Julian Gringras and his wife Fela Baum in Lwow

This is a photo of me and my wife Fela Baum. It was taken in Lwow in 1940.

In 1940 I worked in Warkowicze but I intended to go to Lwow, because my wife’s brother Mosze, who had stopped off there and got straight into Lwow Polytechnic, was urging me to go to Lwow.

Lwow Polytechnic was a Polish polytechnic but by that time was under Ukrainian, i.e. Soviet authority.

That Lwow period is the Polytechnic. They honored my Warsaw grade transcript - you have to remember that this was a time when some of the Warsaw professors were lecturing at the University in Lwow, among them Boy-Zelenski.

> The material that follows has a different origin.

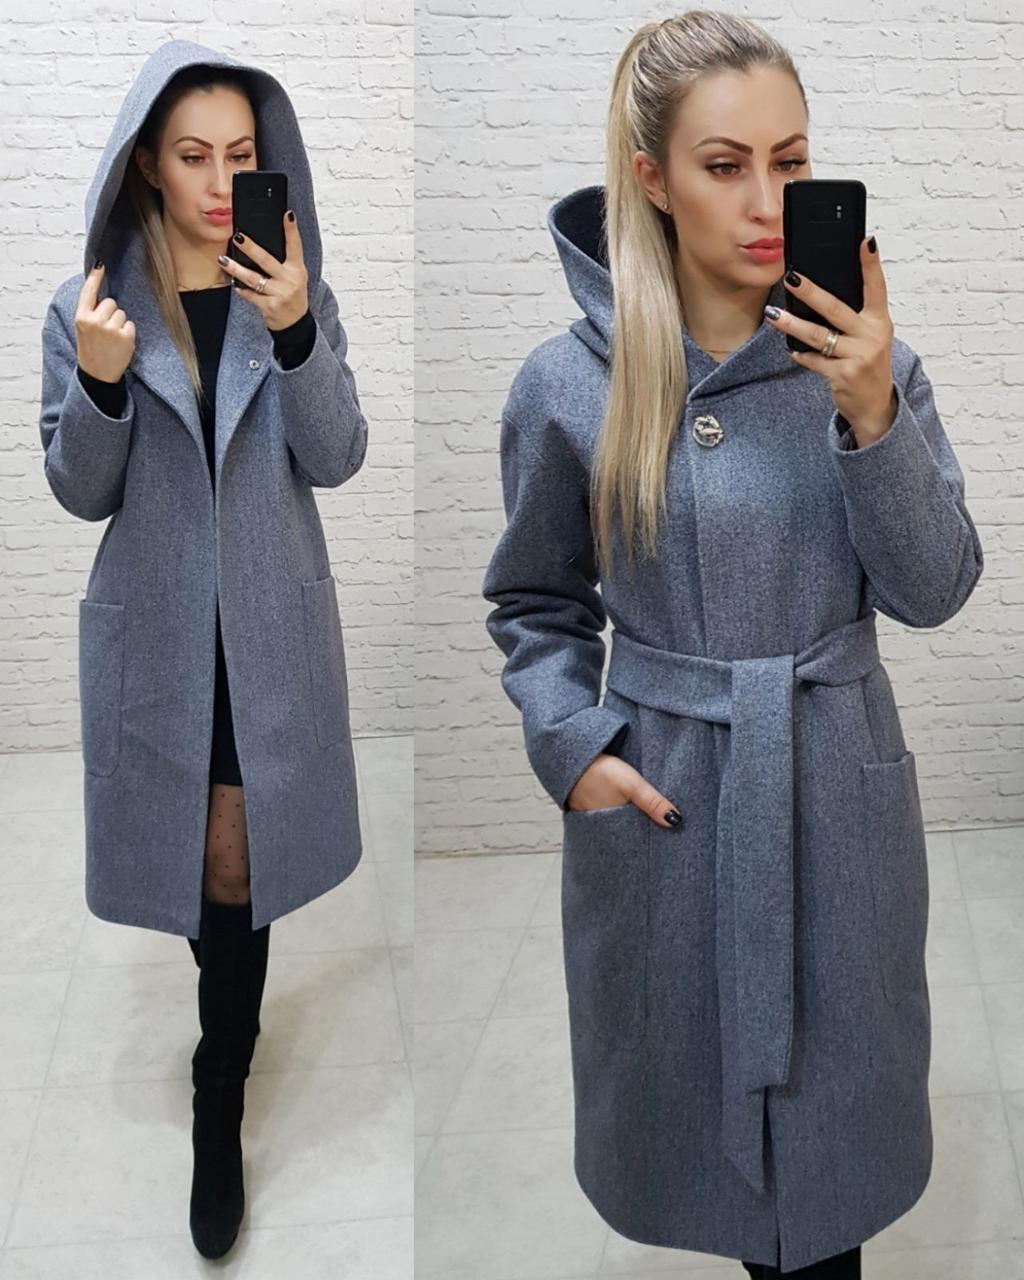 Теплое пальто с капюшоном, кашемирое, ЕВРО-ЗИМА, цвет серо-голубой, арт 176

The food, I remember, was not wonderful - we even ate horsemeat, which at the time was considered unpleasant, because horsemeat wasn't eaten in Poland.

While I was in Lwow a few parcels of clothing came from my parents. They were probably still living in their own houses, but in 1942 we were no longer in contact.

We lost touch with the outbreak of the war between Germany and Russia in June 1941. And after that I no longer had any contact with either Kielce or Warsaw, only with Moscow, with the people who were in the Union of Polish Patriots, who also sent parcels, small ones.

An overcoat, a good, navy blue overcoat - but unfortunately some mice nested in the sleeve and then I had to throw it away, yes, that's what happened.